The drawback of vulnerability is demonstrated by the entire rhetoric surrounding Clinton’s health: Assorted conspiracy theories have long circulated, some propagated by Trump himself. The continuous scrutiny of her age as a sign of frailty, and therefore by implication unfitness, have also been a feature of the campaign coverage.

Reactions like these to leaders’ vulnerabilities tell us less about the leaders themselves and more about our own biases.

Our ideas about leadership are still very much connected to images of strong, young male heroes. As soon as we are confronted with older leaders, our bias kicks in and the negative judgement starts. More disconcertingly, our image of leaders is still defined by masculine traits—and of course, vulnerability is still associated with femininity.

The reaction to Clinton’s stumble is a reminder that she’s up against two insidious biases, both of which are immediately inflamed by any indication that a less-than-youthful female leader is in the slightest bit vulnerable.

So if we really want our leaders to be more authentic and show us their true selves, we have to confront and change our stereotypical idea of what leadership means. We must become more inclusive in our attitudes about who can really be fit to lead us. We must accept that leaders are not just strong young men, but that they come in every shape and form.

As a woman in late middle age, competing in a once entirely male field, Clinton knows all too well the price of showing vulnerability. In her two-and-a-half decades in international public life, Clinton has always been under great pressure to show a strong image.
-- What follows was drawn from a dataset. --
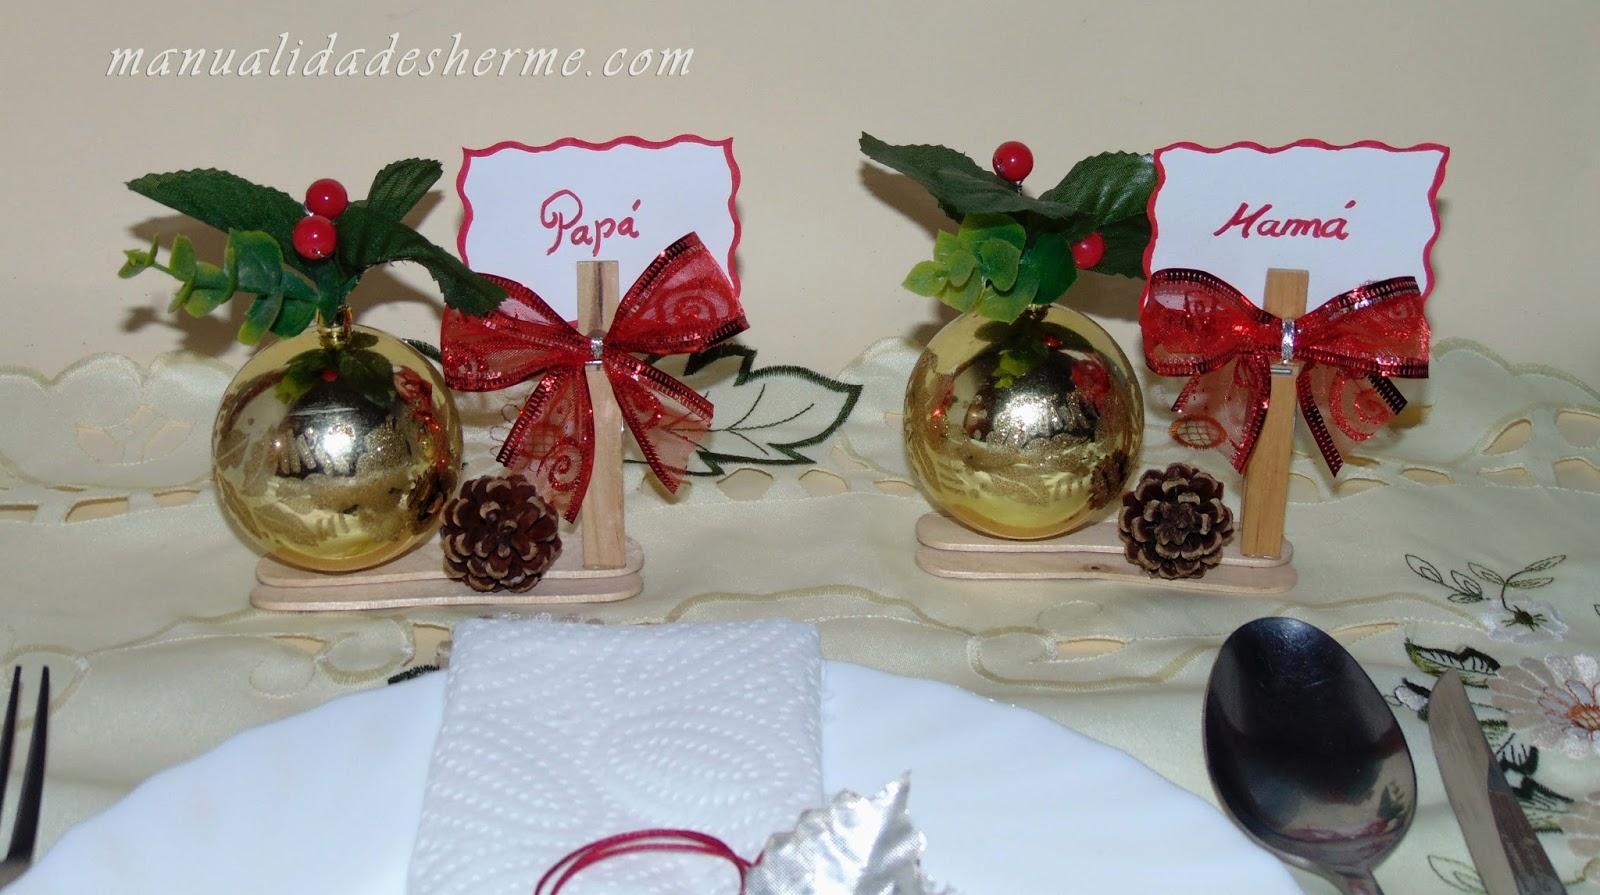 manualidades herme hacer carteles de mesa para navidad
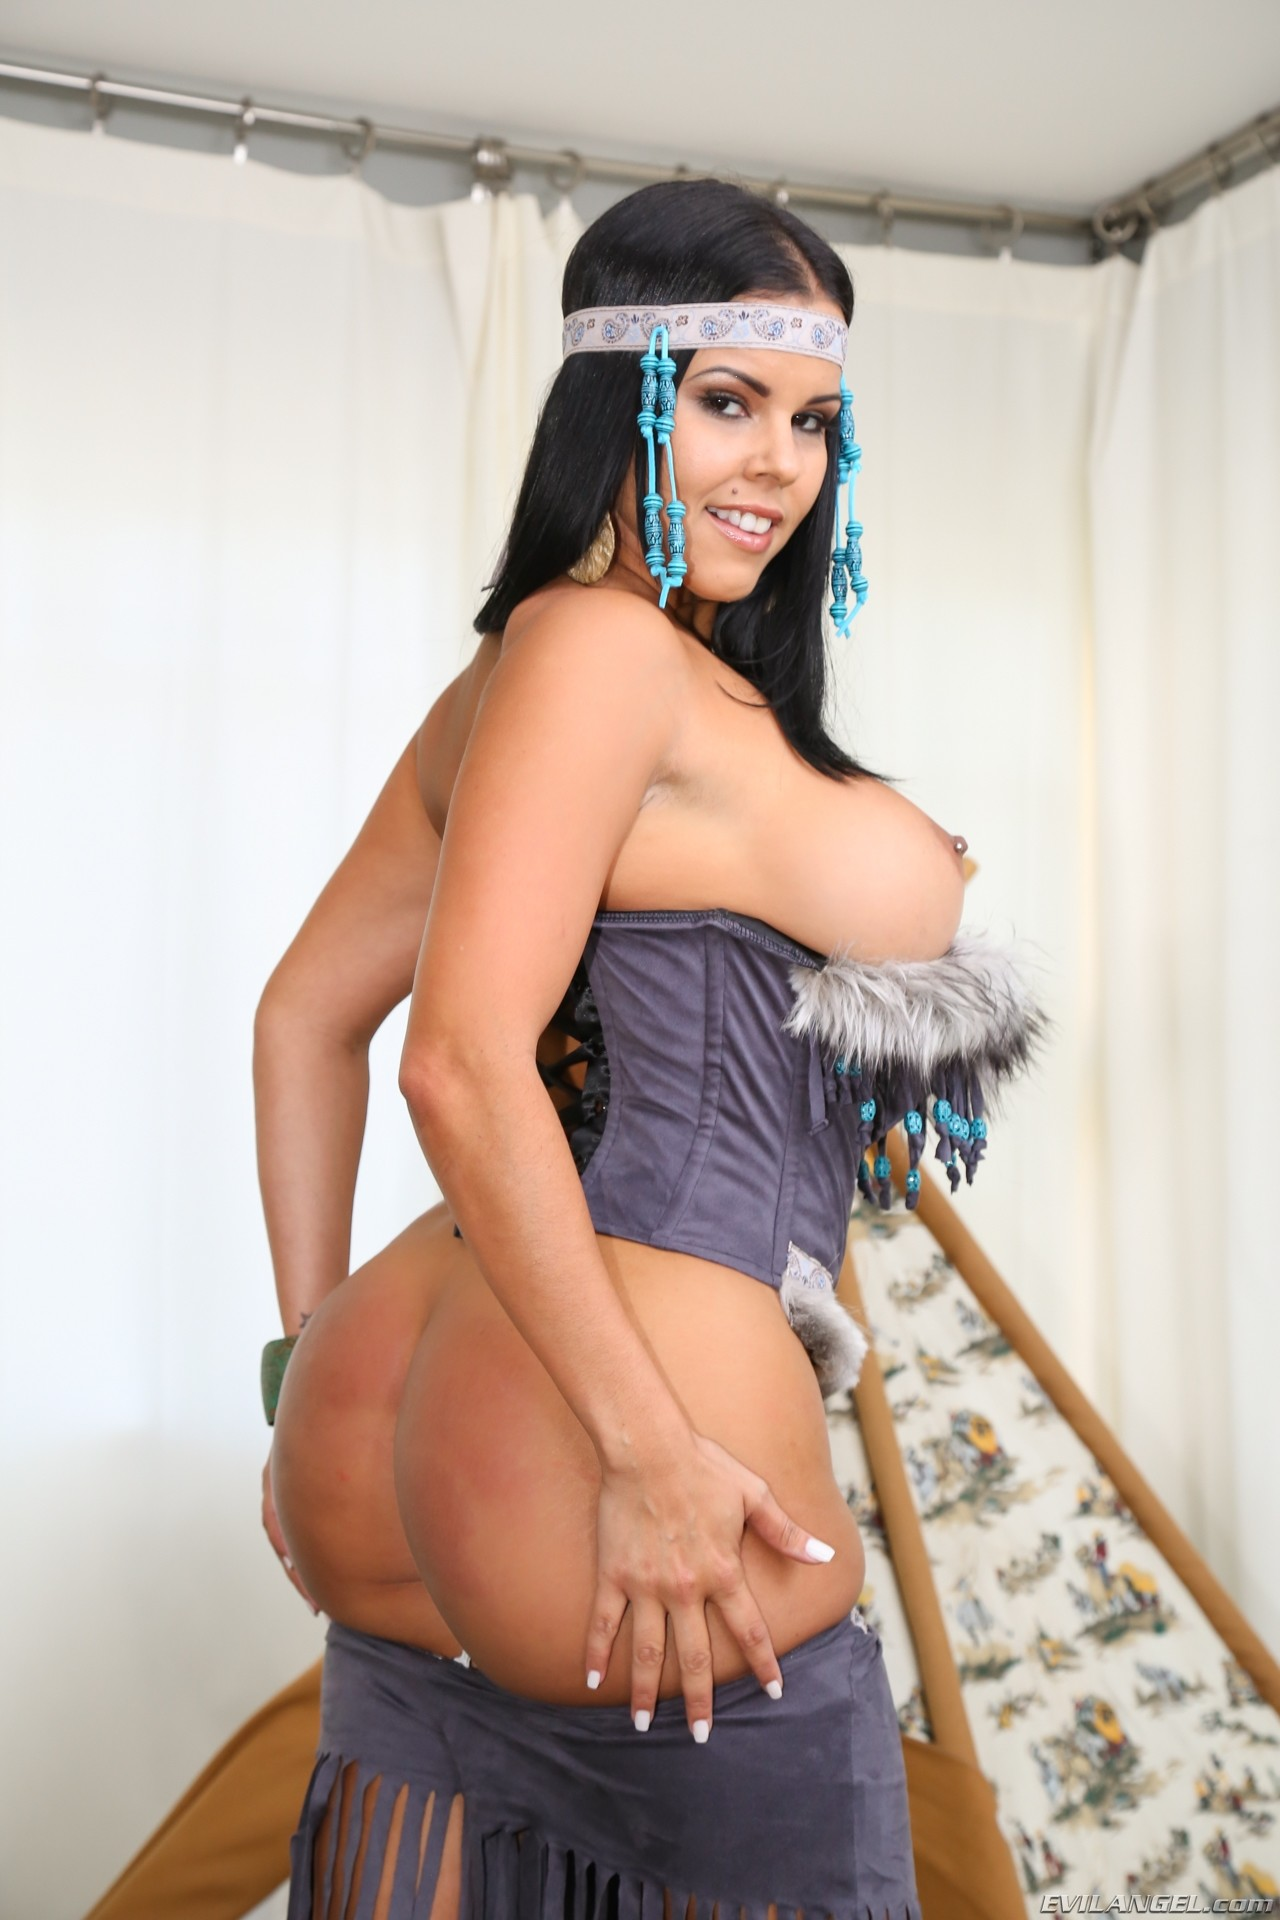 Brazzers busty bigbooty milf lisa ann fucks her masseur - 1 6

At more than one make-or-break moment in her dogged 2008 campaign against Barack Obama, she appeared to “let her guard down“; more often than not, those moments were interpreted as “valedictory, almost elegiac” rather than credited as demonstrations of real leadership qualities.

No surprise then that when she emerged from her daughter’s front door a few hours after her stumble on Sept. 11, Clinton remained stoic. All she had to say to the assembled press was: “I’m feeling great. It’s a beautiful day in New York!”